The ExxonMobil-BHP joint venture says the vessel will be supplied with gas from 12 wells in the field to be drilled in two phases beginning in 2018.

Front-end engineering and design work could begin in 2014 leading to a final investment decision during the 2014-15 fiscal year. On that schedule, Scarborough could come on stream in 2020 or 2021 and operate for as long as 30 years. Some 500 people could be working onboard the vessel at any one time.

Scarborough field is thought to contain 8-10 tcf of gas.

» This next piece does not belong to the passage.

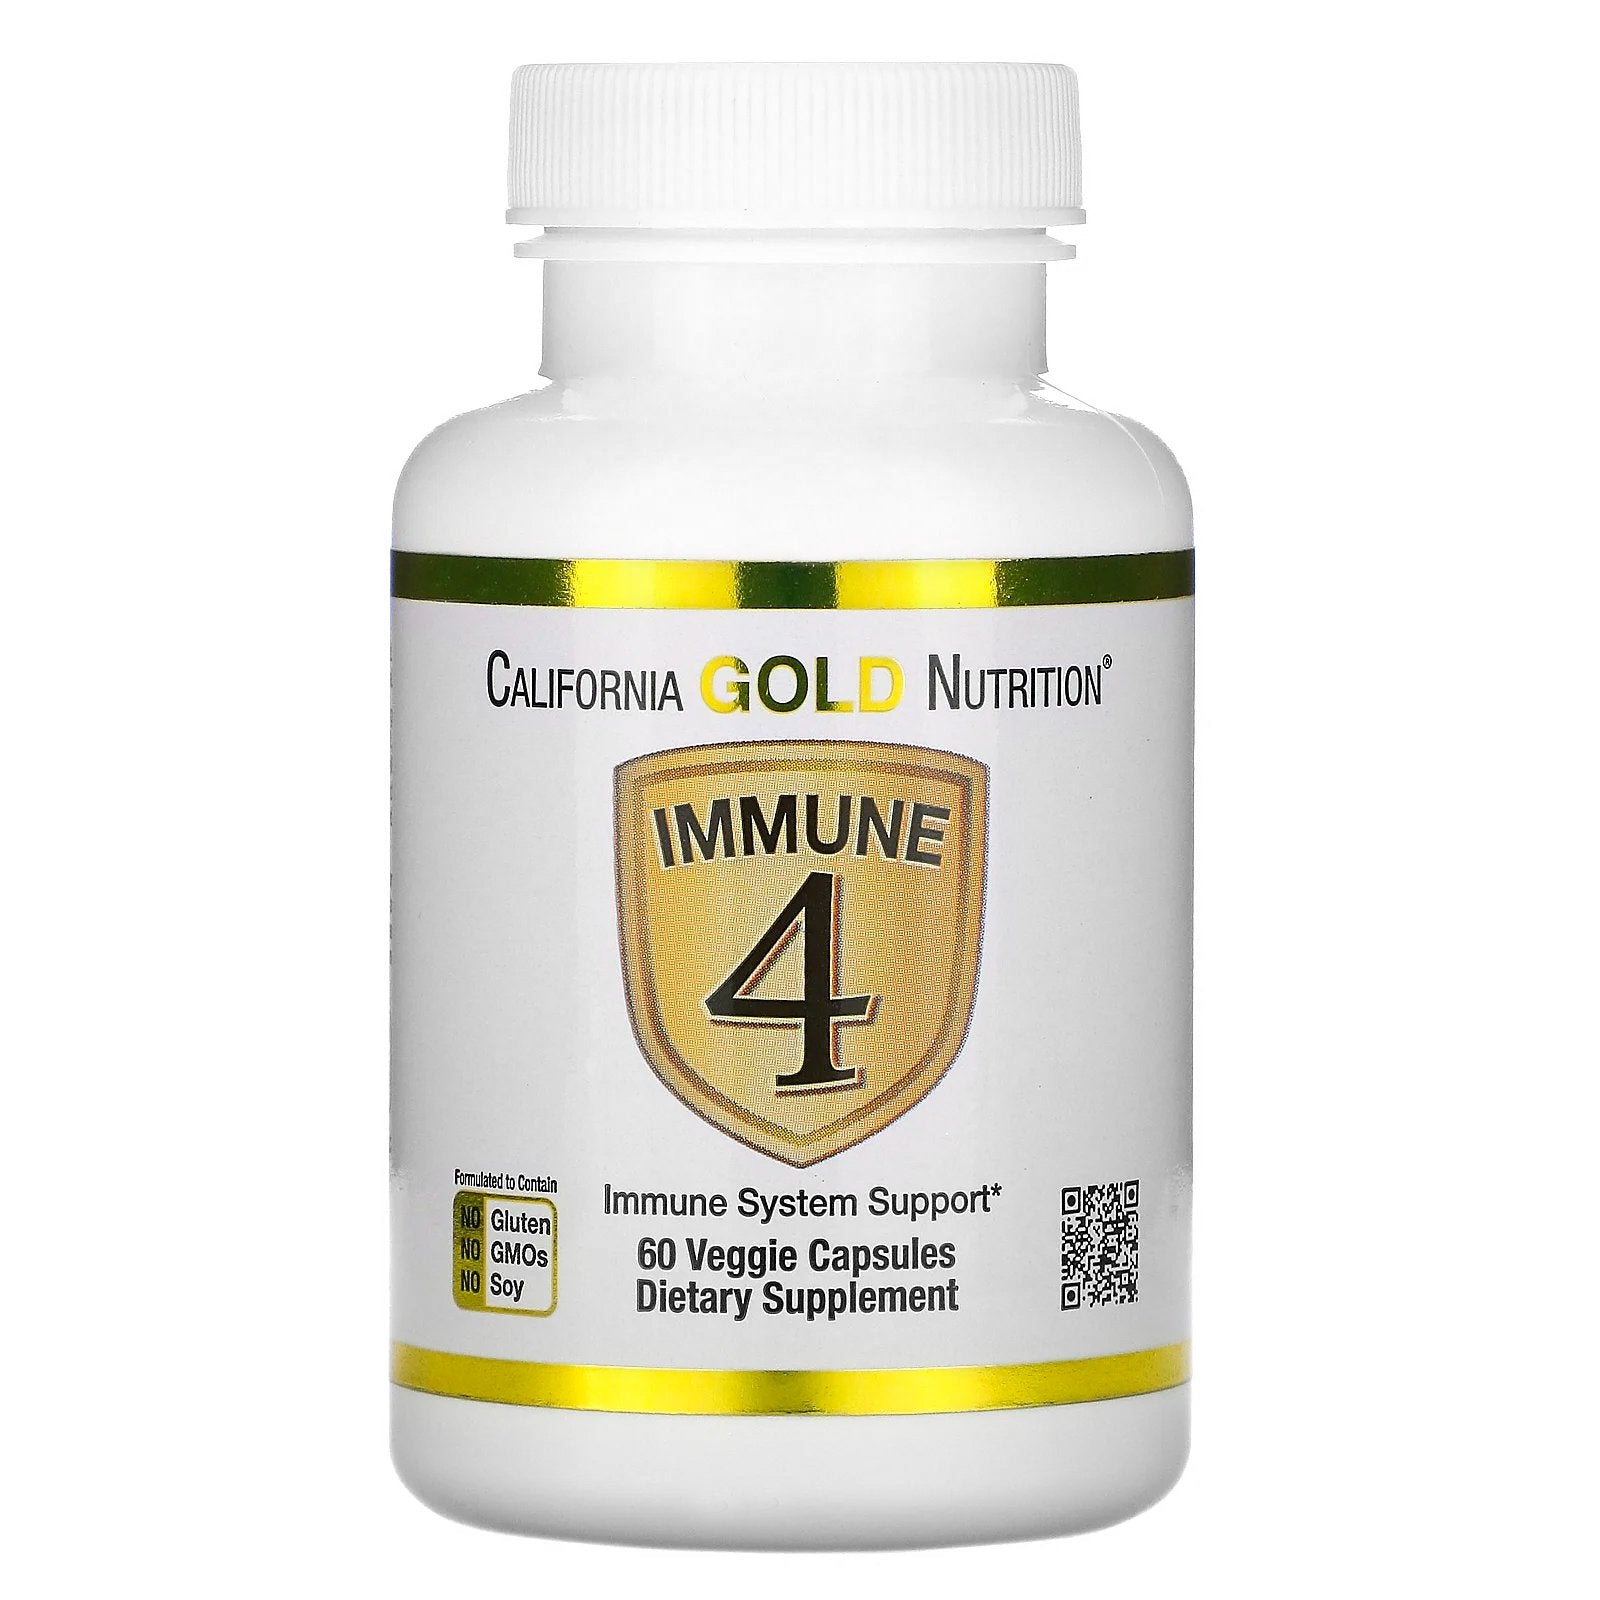 California Gold Nutrition, Immune 4, Immune System Support, 60 Veggie Capsules

Chevron, Chubu Electric sign LNG agreements

Chevron Corp. has signed a binding long-term sales and purchase agreement with Chubu Electric Power Co. for Chubu to take 1 million tonnes/year of LNG from the Wheatstone project off Western Australia. The uptake will be for 20 years.

Chubu is already a partner and customer for Chevron's Gorgon LNG project on Barrow Island.

The Wheatstone project is being built at Ashburton North, 12 km west of Onslow in Western Australia. It will comprise two LNG trains with a combine capacity of 8.9 million tpy as well as a gas plant.

More than 80% of Chevron's equity in Wheatstone LNG has now been contracted under long-term agreements with customers in Asia.

The project is a joint venture of Chevron 64.14%, Apache Energy 13%, Kuwait Foreign Petroleum Exploration Co. 7%, Royal Dutch Shell PLC 6.4%, Kyushu Electric Power Co. 1.46%, and Tokyo Electric Power Co. 8%.

The project is being supplied with gas from Wheatstone and Iago fields.

TransCanada starts open season for crude shipments

TransCanada Corp. will hold a binding open season to obtain firm commitments for a pipeline to transport crude oil from Western Canada to delivery points in the Montreal and Quebec City, Que., and Saint John, NB, areas. The Energy East Pipeline project involves converting roughly 3,000 km of TransCanada's Canadian Mainline natural gas pipeline to crude oil service building up to 1,400 km of new pipeline.

Subject to open season results Energy East will move as much as 850,000 b/d, enhancing producer access to markets in Eastern Canada. In 2012, Canada imported more than 600,000 b/d to supply its Eastern refineries, according to TransCanada.

TransCanada expects the pipeline to enter service late 2017, pending sufficient shipper interest and regulatory approvals. The company has begun aboriginal and stakeholder engagement and field work as part of initial design and planning.

The open season will close on June 17.